DATA SHOWN >>
※

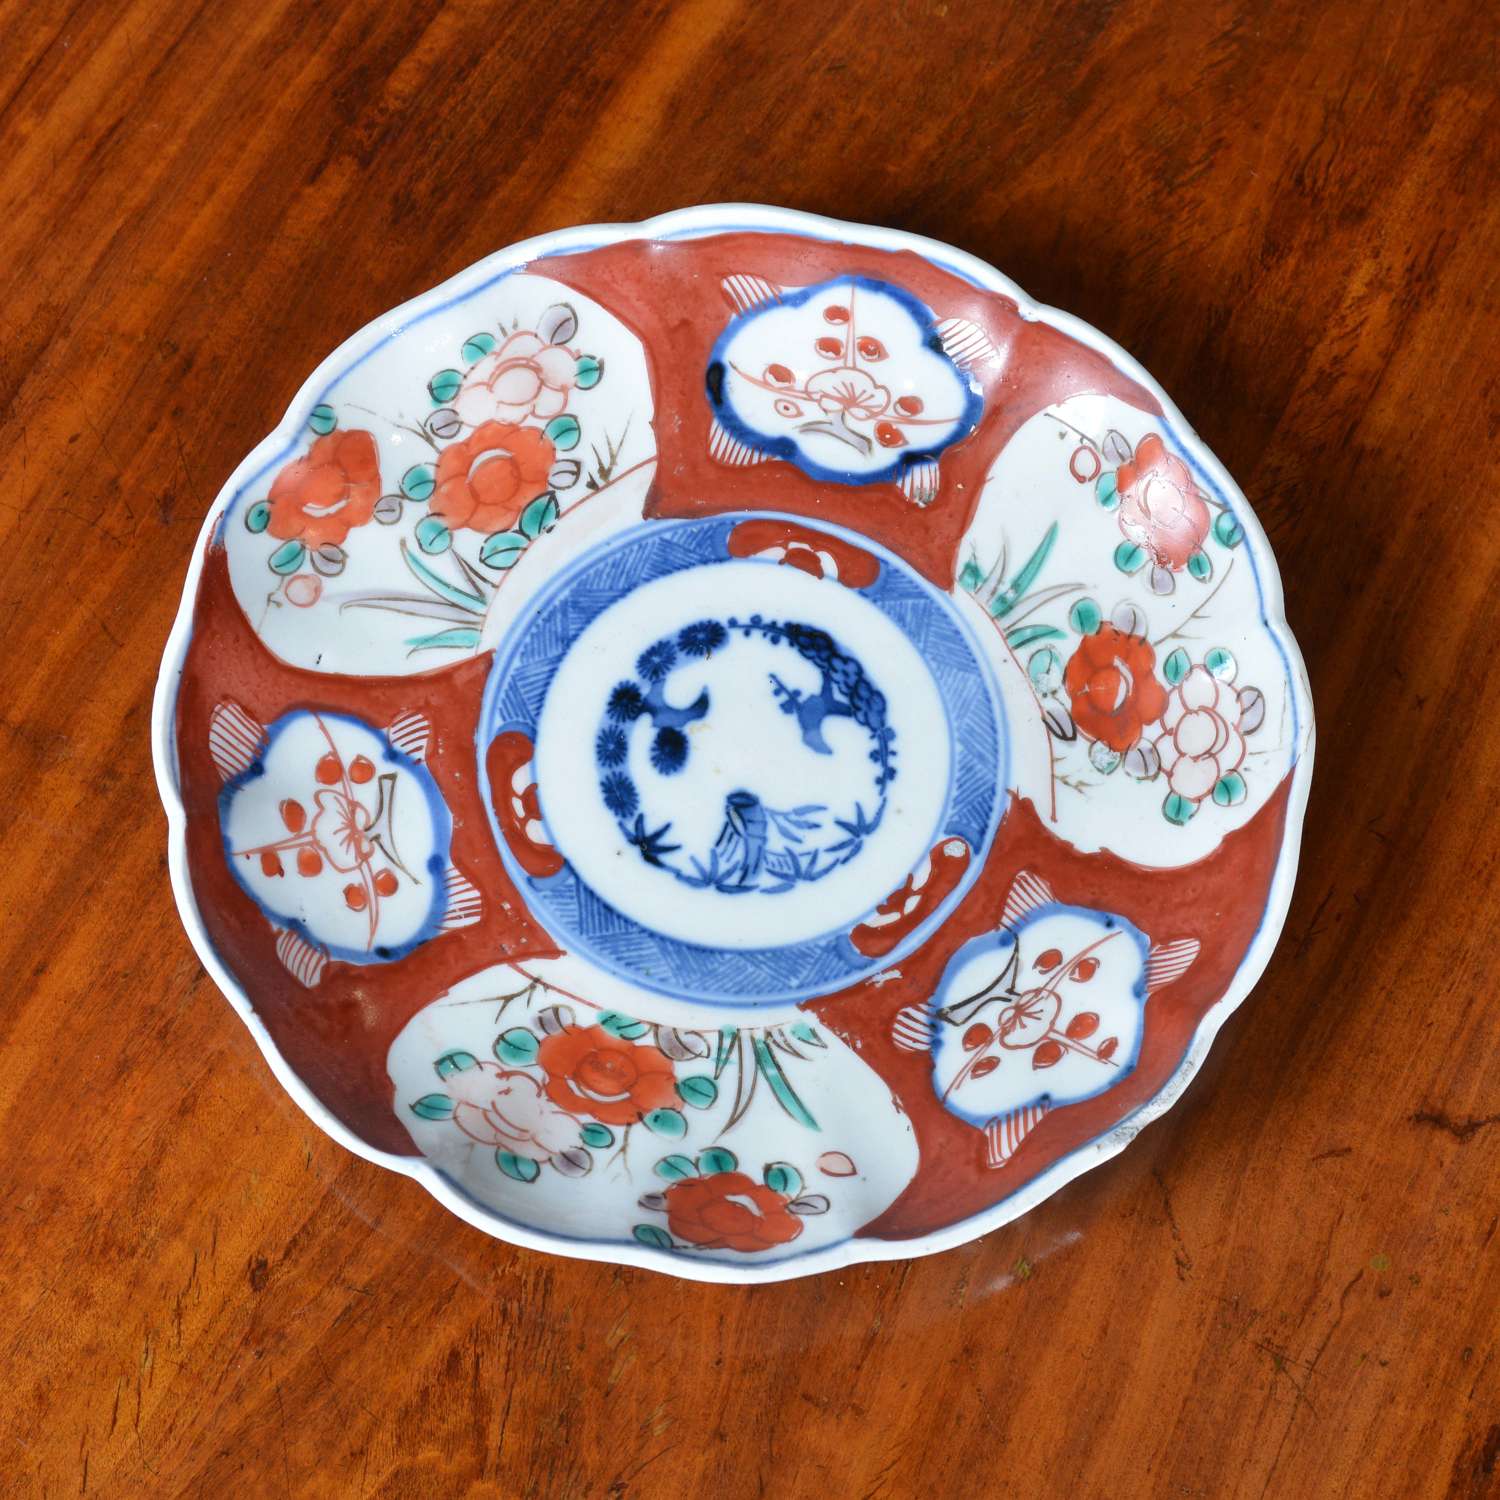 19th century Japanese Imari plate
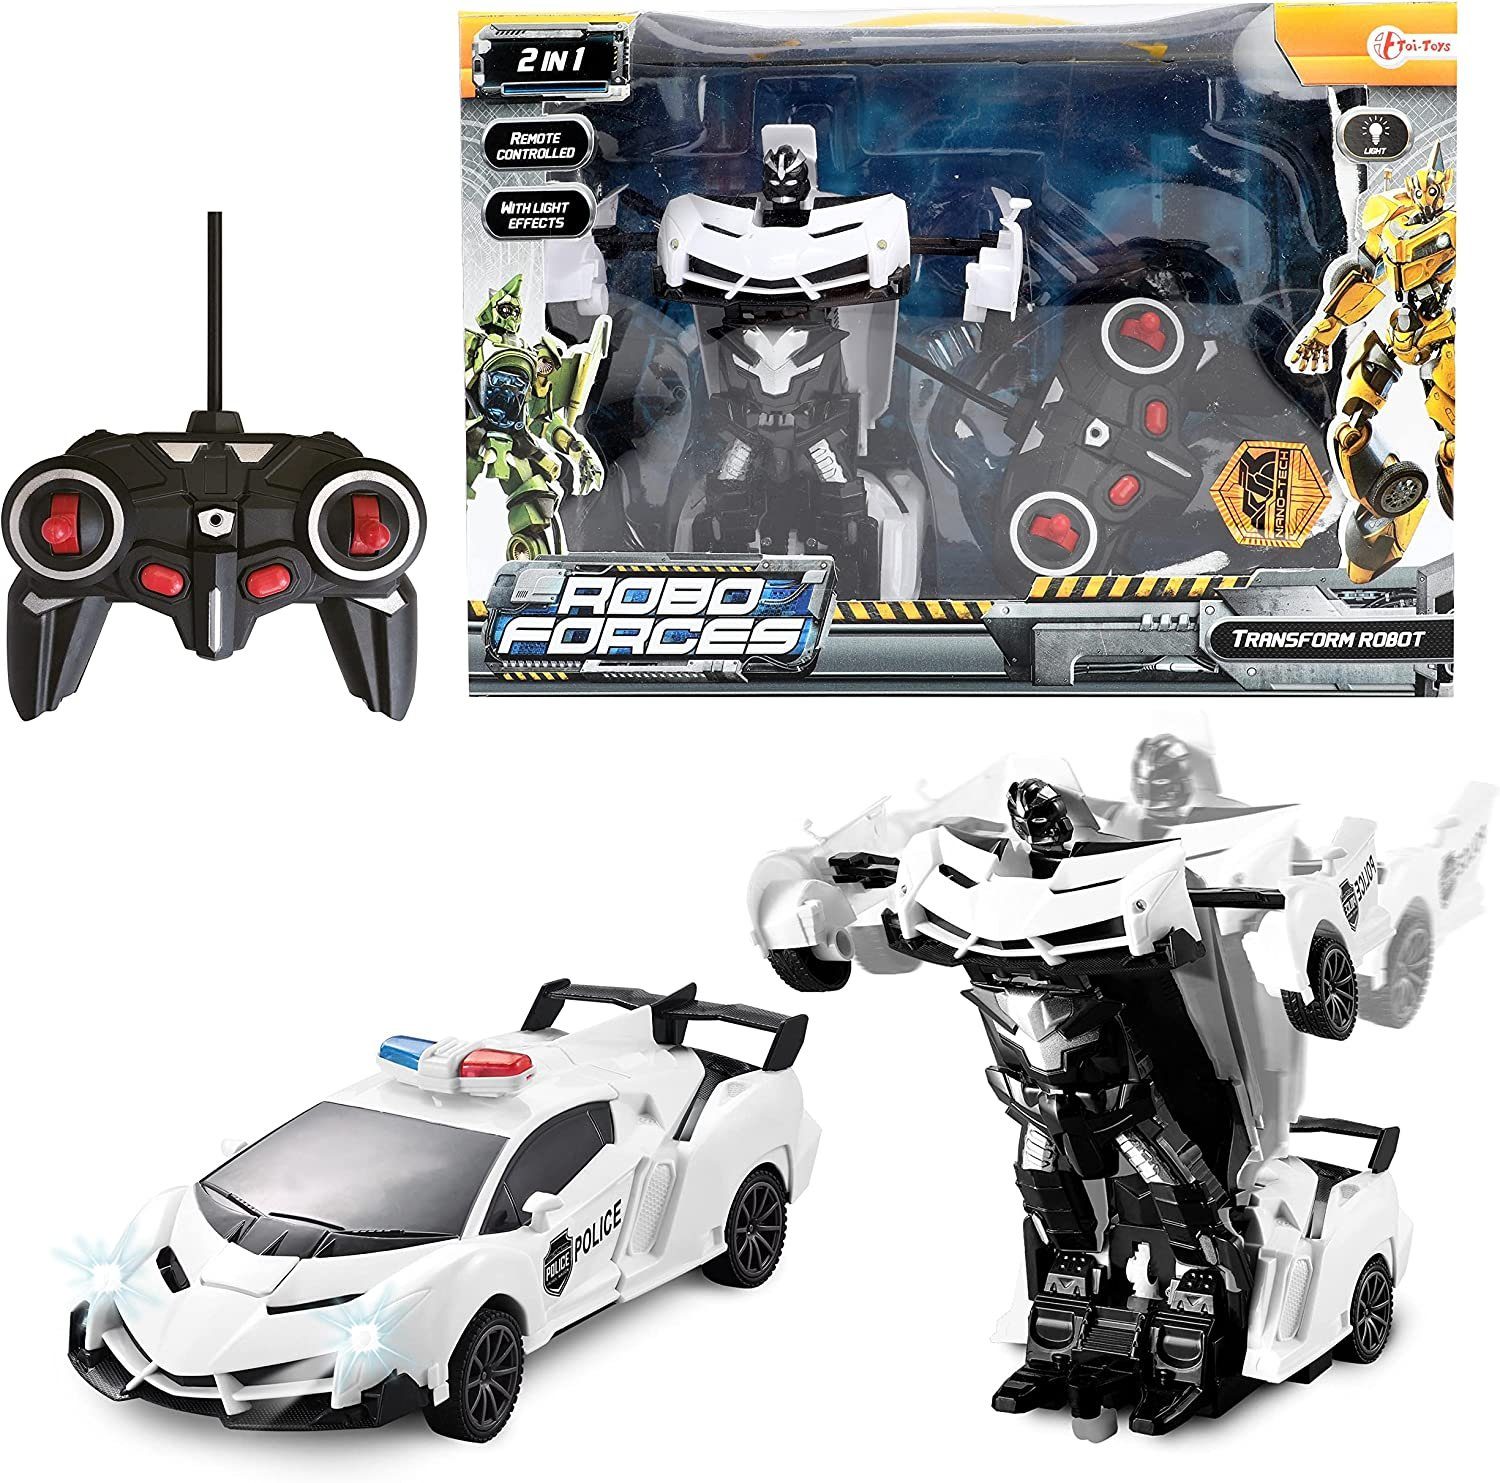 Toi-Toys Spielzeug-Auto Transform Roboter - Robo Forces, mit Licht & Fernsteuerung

※

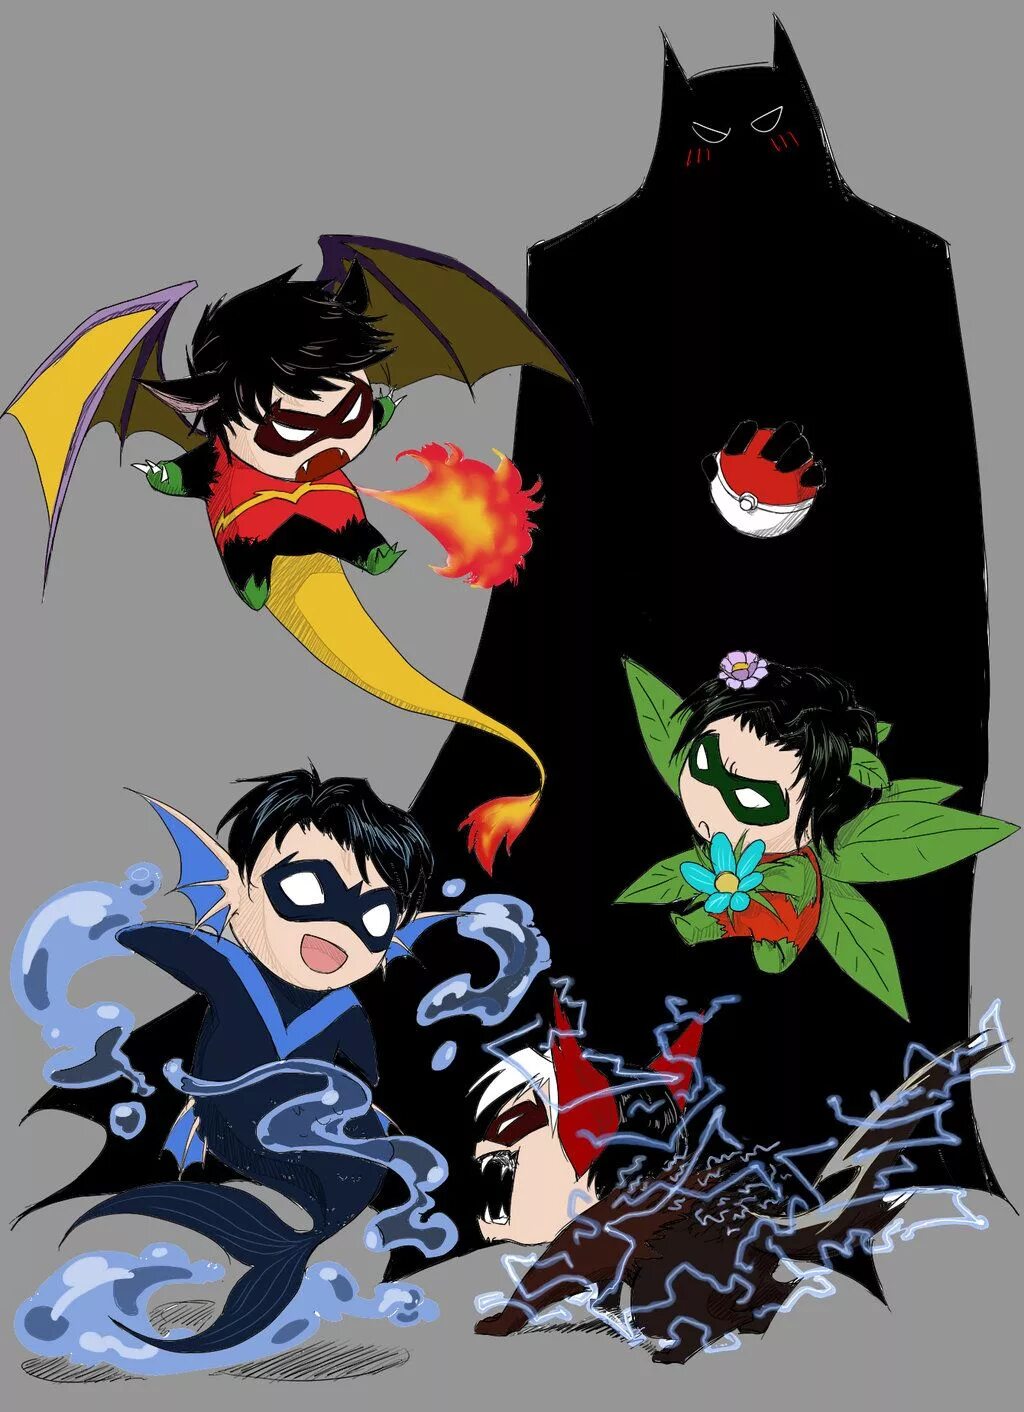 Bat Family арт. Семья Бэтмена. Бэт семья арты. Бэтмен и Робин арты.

※

EXERCISE INSTRUCTIONS >> Print exactly the lines above that run from the one with "19th century Japanese Imari plate" down to the one with "Toi-Toys Spielzeug-Auto Transform", and omit the pictures.

EXPECTED ANSWER >>
 19th century Japanese Imari plate
 Toi-Toys Spielzeug-Auto Transform Roboter - Robo Forces, mit Licht & Fernsteuerung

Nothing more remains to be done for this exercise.